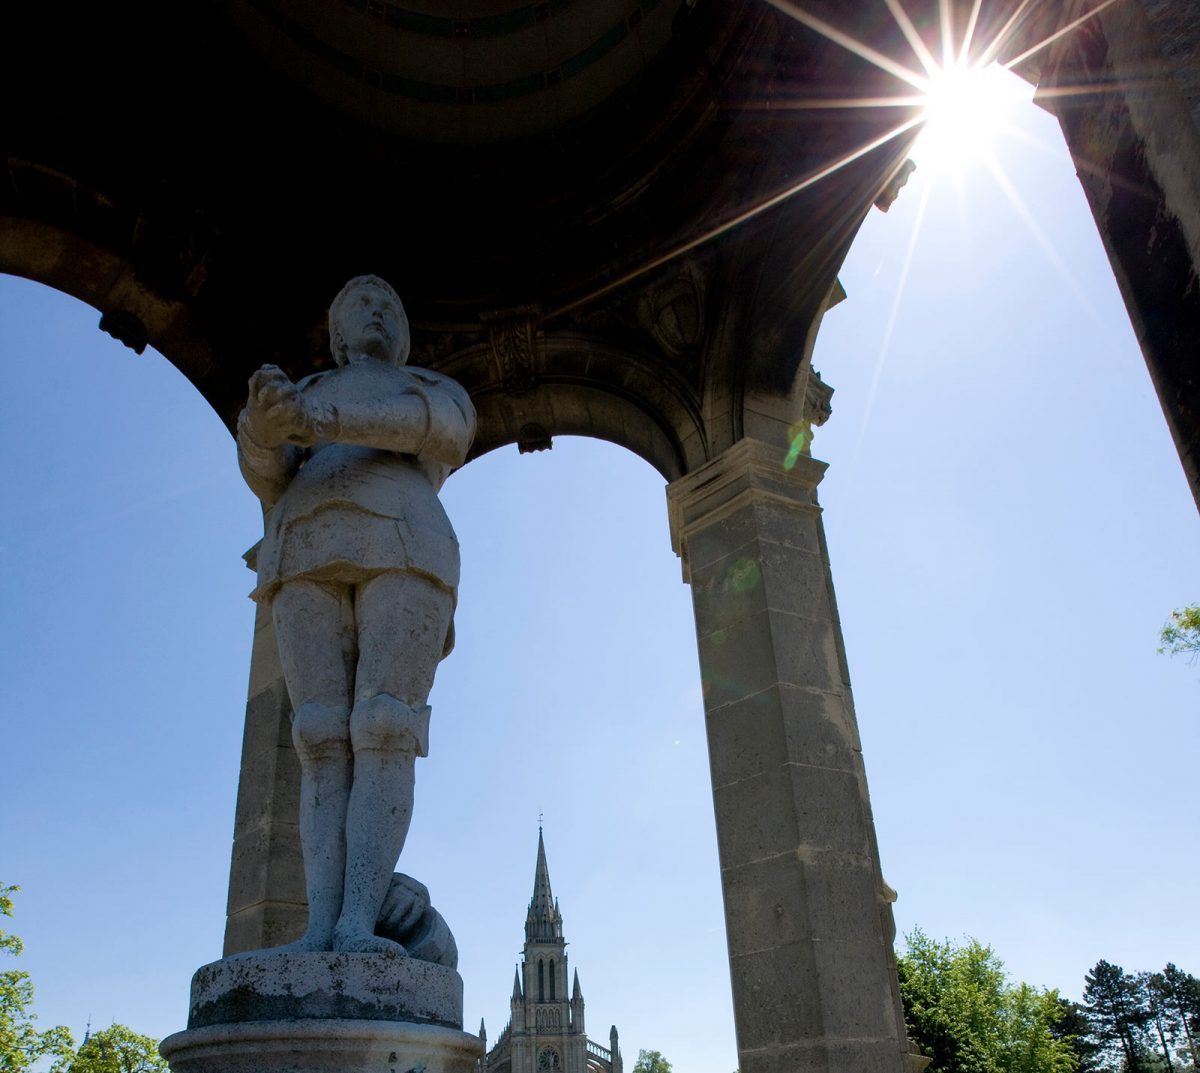 Statue de Jeanne d'Arc à Bonsecours, près de Rouen
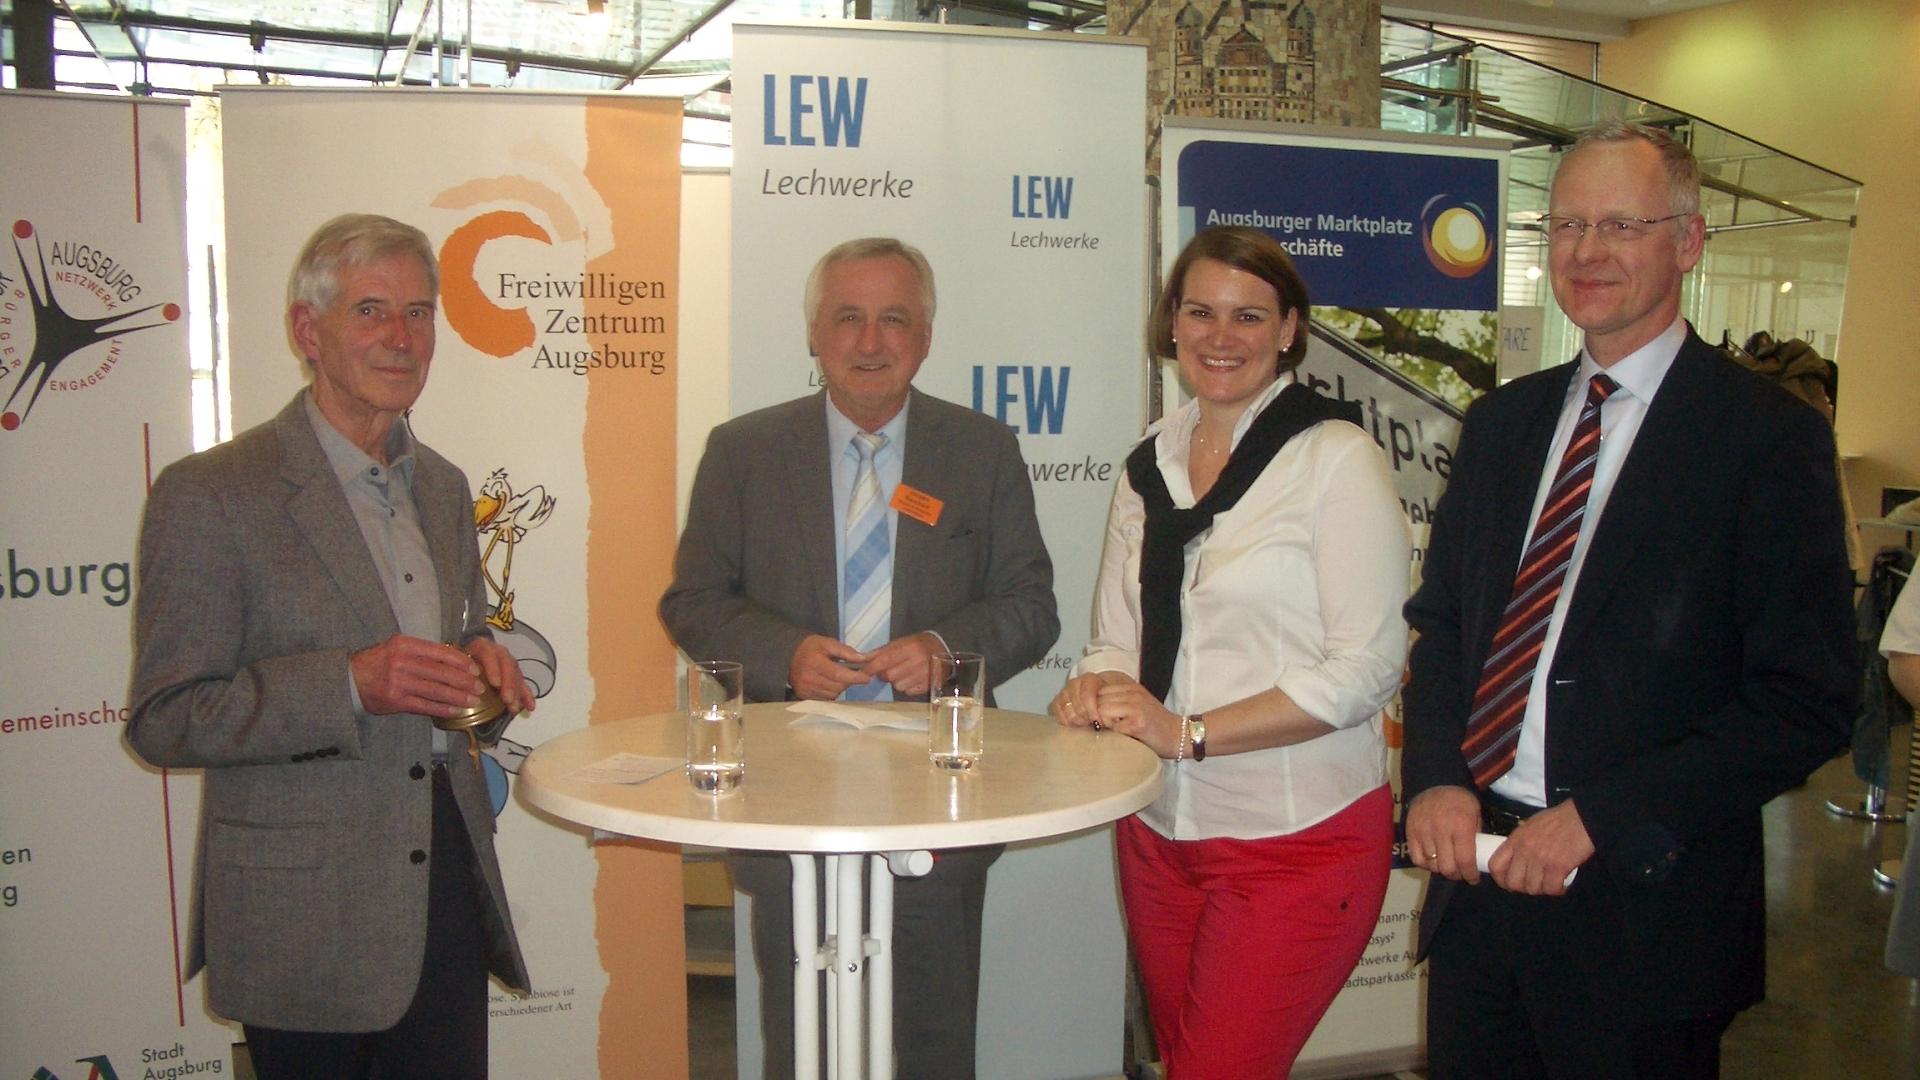 Unsere Aktion Gute Geschäfte Augsburg bei der LEW - Foto: Wolfgang F. Lightmaster
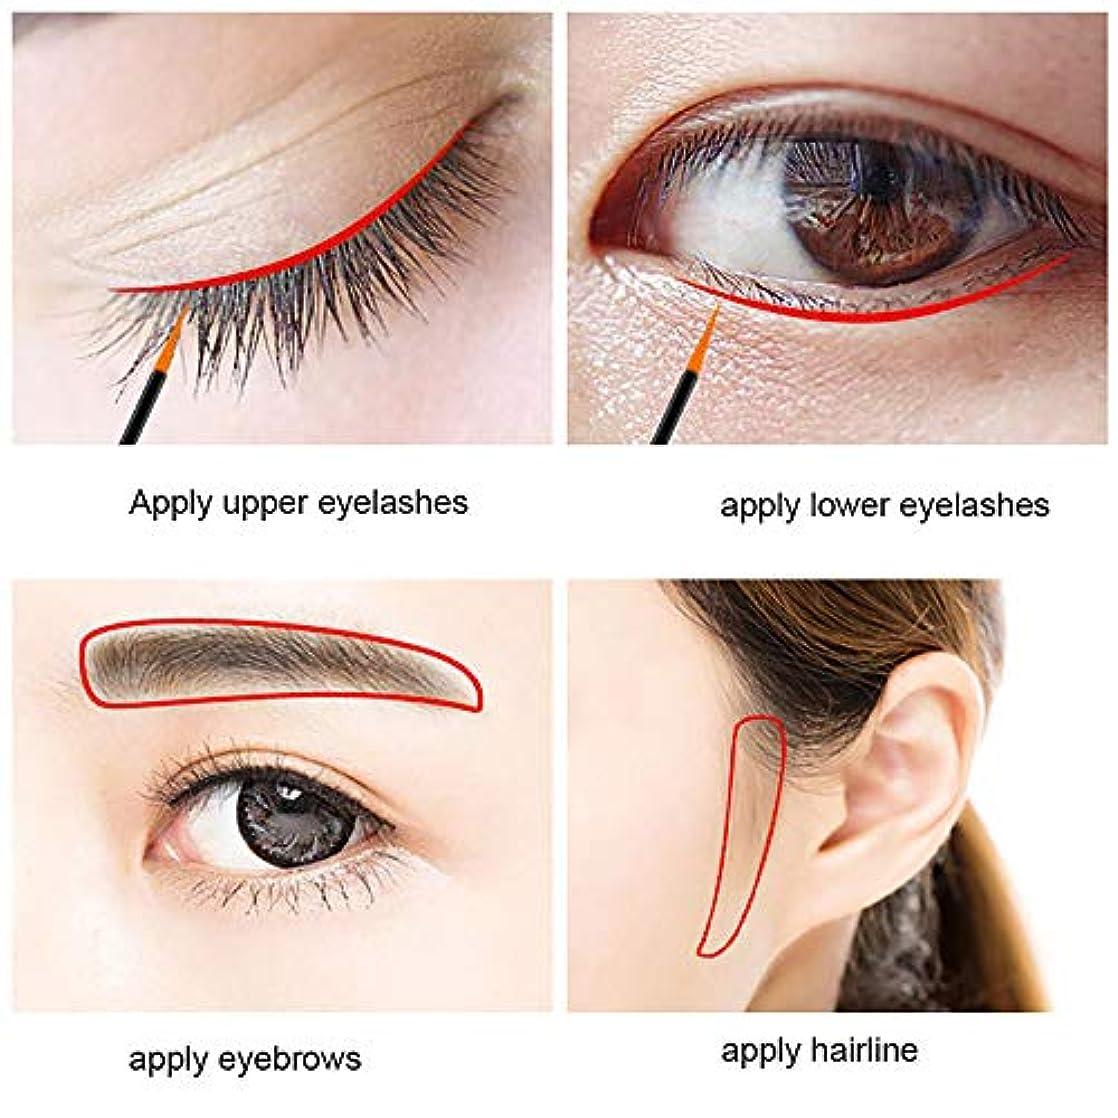 マーケティングフィットネス福祉眉毛まつげ速い急速な成長の液体エンハンサー栄養液栄養
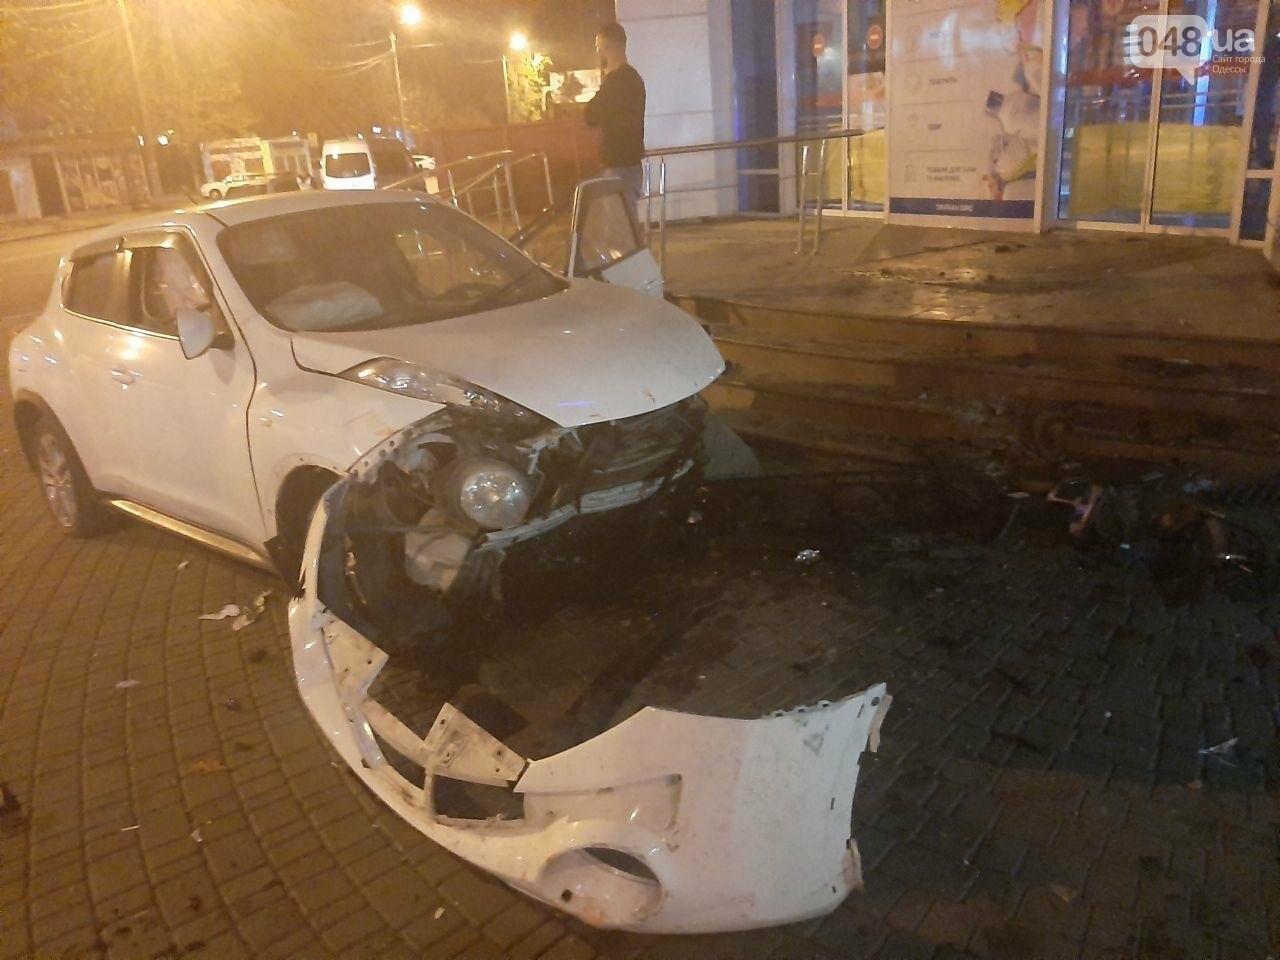 В Одессе автоледи протаранила супермаркет, - ФОТО2

- - -

WHAT TO PRODUCE :: Exact copy, no pictures: reproduce the whole listing above.

RESPONSE TO THIS TASK ::
 Statue de Jeanne d'Arc à Bonsecours, près de Rouen
 Unsere Aktion Gute Geschäfte Augsburg bei der LEW - Foto: Wolfgang F. Lightmaster
 マーケティングフィットネス福祉眉毛まつげ速い急速な成長の液体エンハンサー栄養液栄養
 В Одессе автоледи протаранила супермаркет, - ФОТО2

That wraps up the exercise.